- Flag Coat of arms
- Location of Angarsky District in Irkutsk Oblast
- Coordinates: 52°34′N 103°49′E﻿ / ﻿52.567°N 103.817°E
- Country: Russia
- Federal subject: Irkutsk Oblast
- Established: 1997
- Administrative center: Angarsk

Area
- • Total: 1,150 km^{2} (440 sq mi)

Population (2010 Census)
- • Total: 12,010
- • Density: 10.4/km^{2} (27.0/sq mi)
- • Urban: 73.5%
- • Rural: 26.5%

Administrative structure
- • Inhabited localities: 1 cities/towns, 13 rural localities

Municipal structure
- • Municipally incorporated as: Angarskoye Urban Okrug
- Time zone: UTC+8 (MSK+5 )
- OKTMO ID: 25703000
- Website: http://www.angarsk-adm.ru

= Angarsky District =

Angarsky District (Ангарский райо́н) is an administrative district (raion), one of the thirty-three in Irkutsk Oblast, Russia. As a municipal division, it is incorporated as Angarskoye Urban Okrug. It is located in the southwest of the oblast. The area of the district is 1150 km2. Its administrative center is the city of Angarsk. Population: 11,574 (2002 Census).

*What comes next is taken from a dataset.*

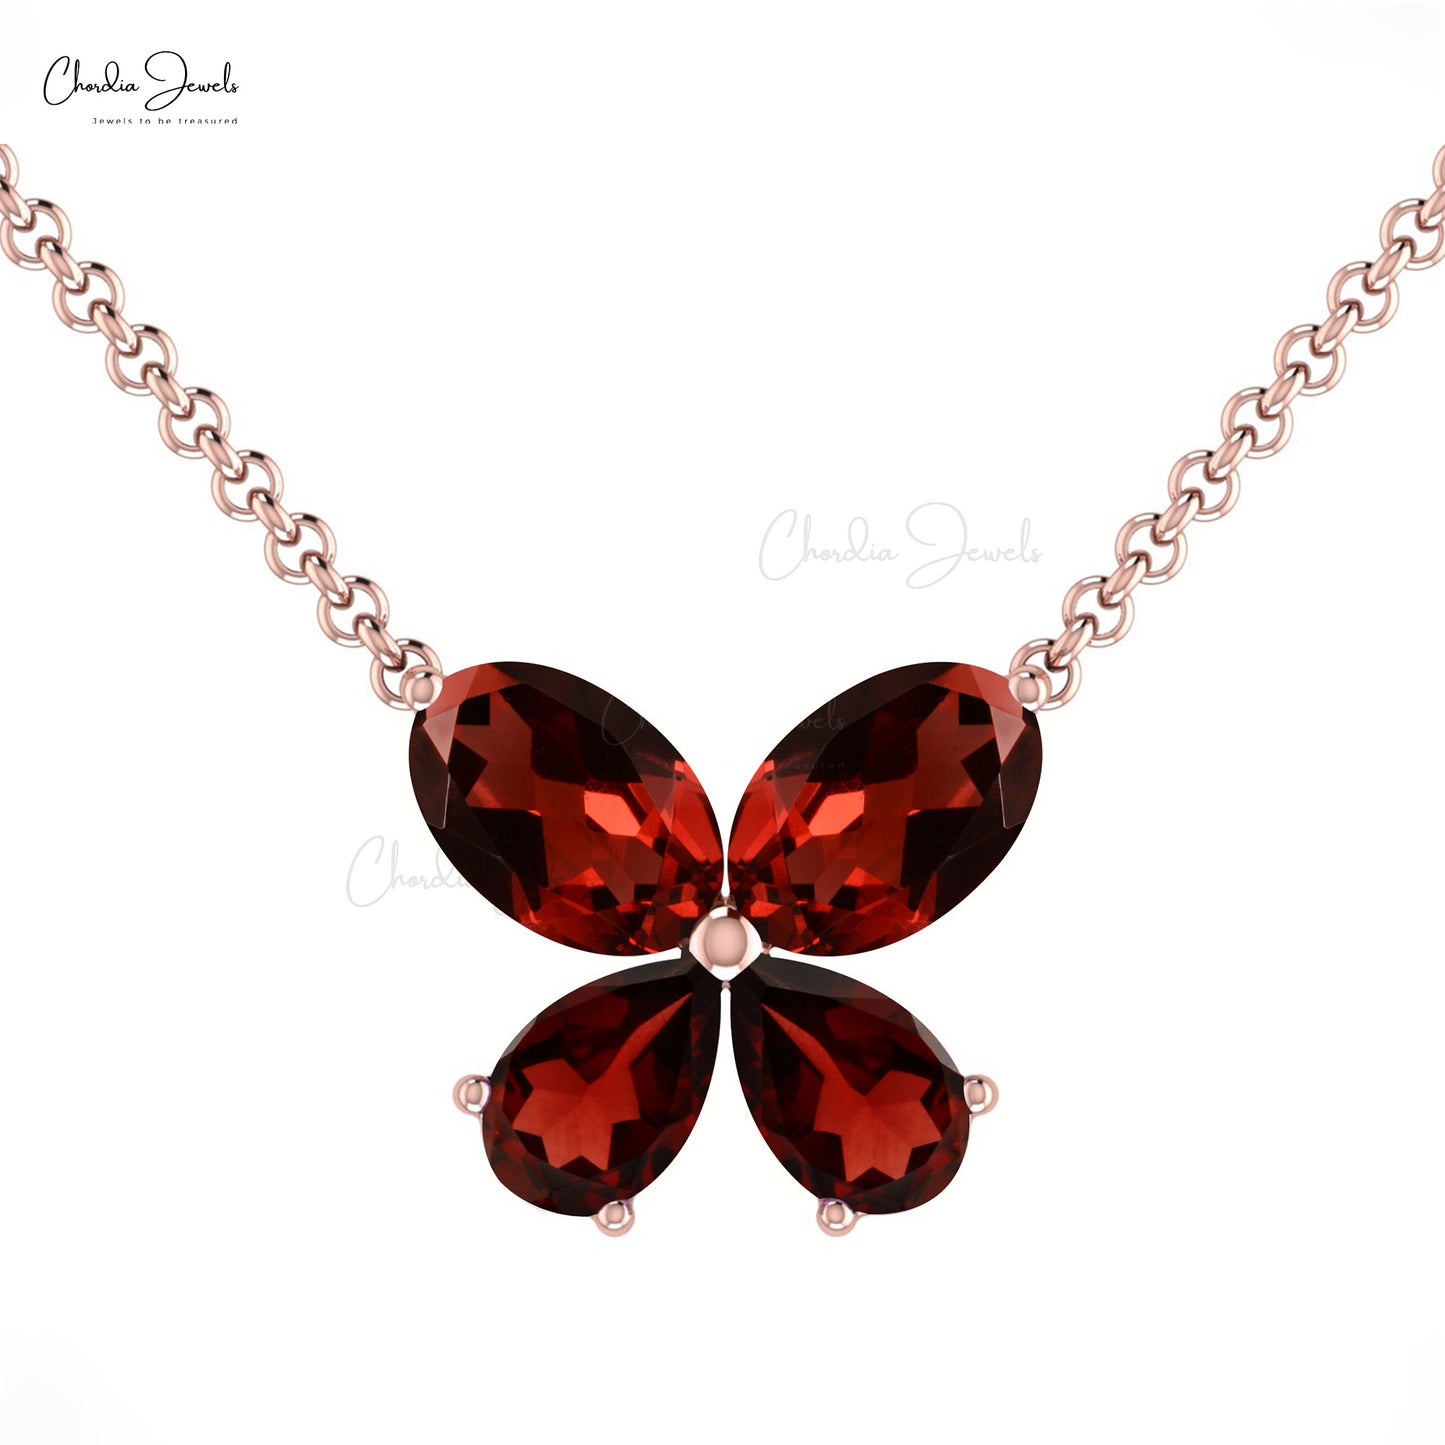 Customized Elegant Natural Garnet Butterfly Necklace Pendant Oval Shape 4-Stone Necklace in 14k Solid Gold Valentine Day Gift For Love Ones
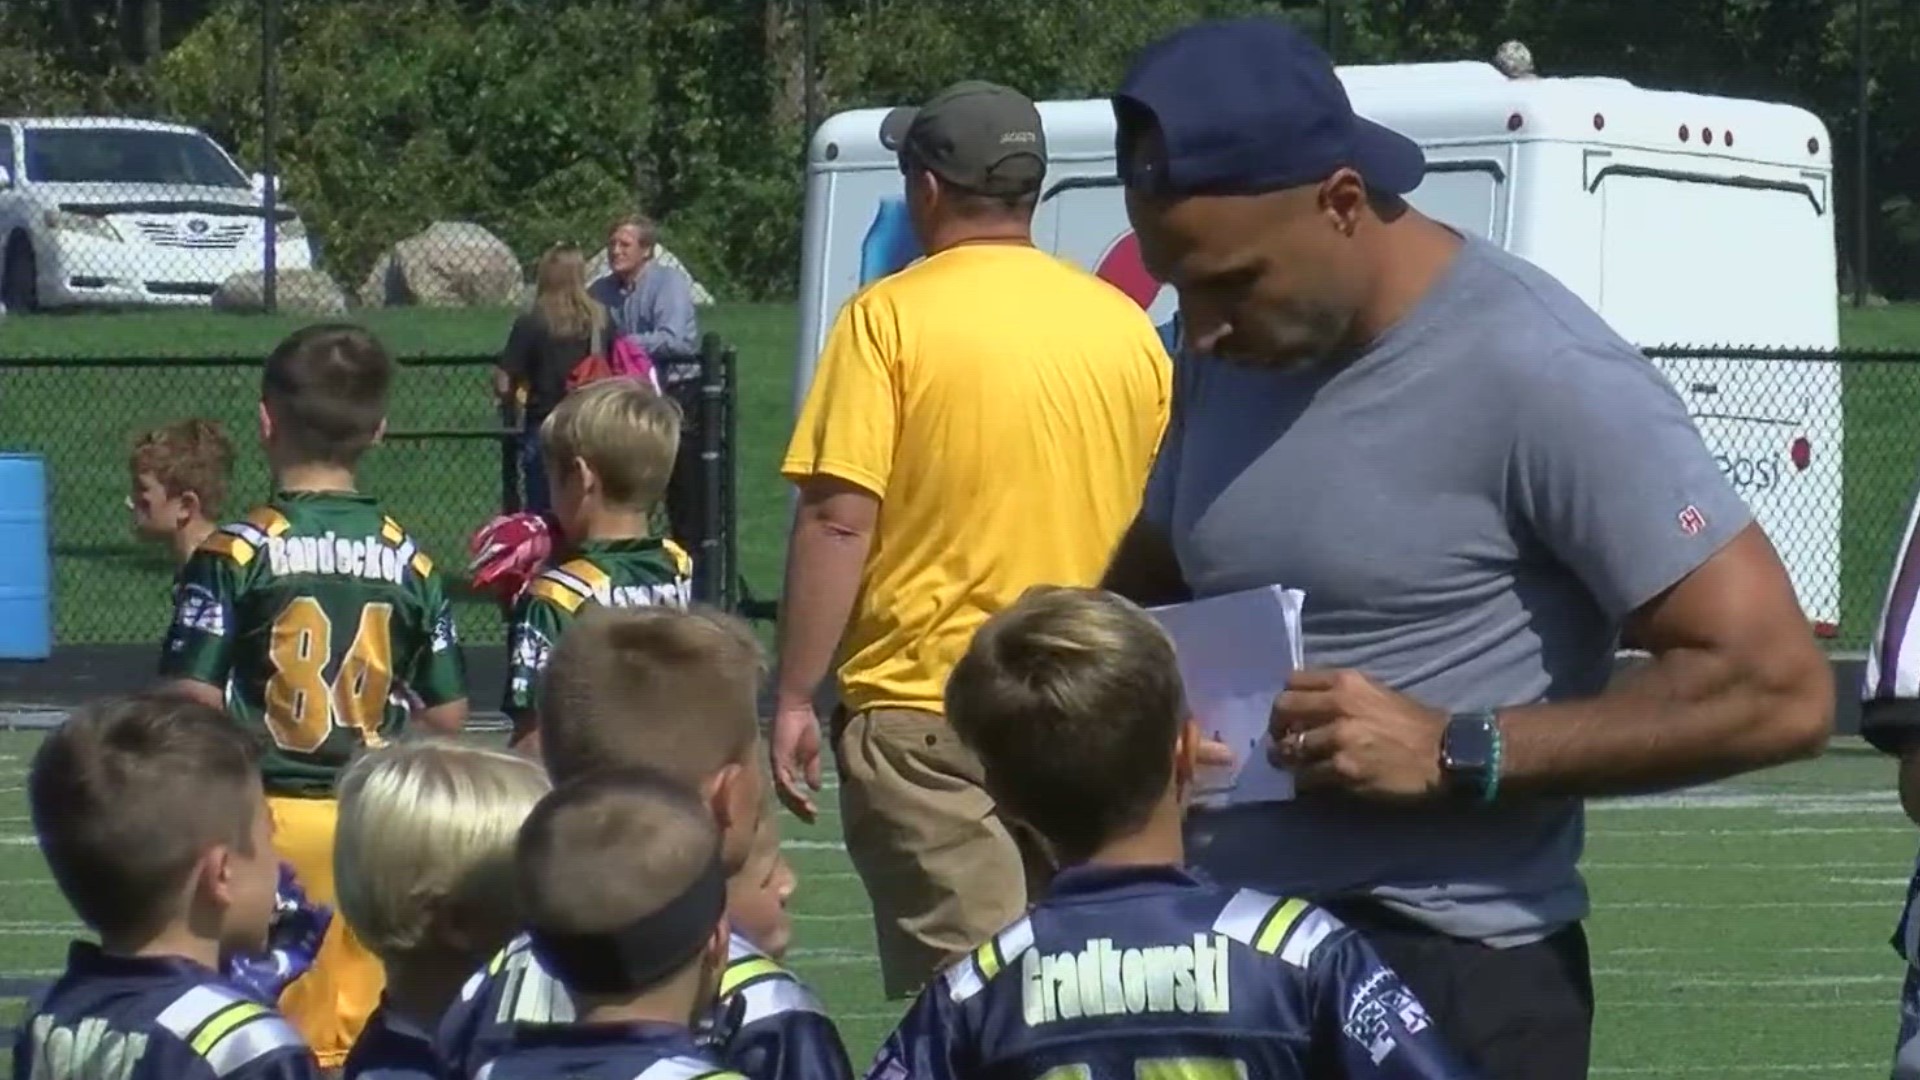 After a successful college career as a star QB with the Toledo Rockets, Gradkowski spent 11 years in the NFL. But flag football might be his biggest challenge yet.

==Administrative and municipal status==
Within the framework of administrative divisions, Angarsky District is one of the thirty-three in the oblast. The city of Angarsk serves as its administrative center.

As a municipal division, the district has been incorporated as Angarskoye Urban Okrug since January 1, 2015. Prior to that date, the district was incorporated as Angarsky Municipal District, which was subdivided into two urban settlements and two rural settlements.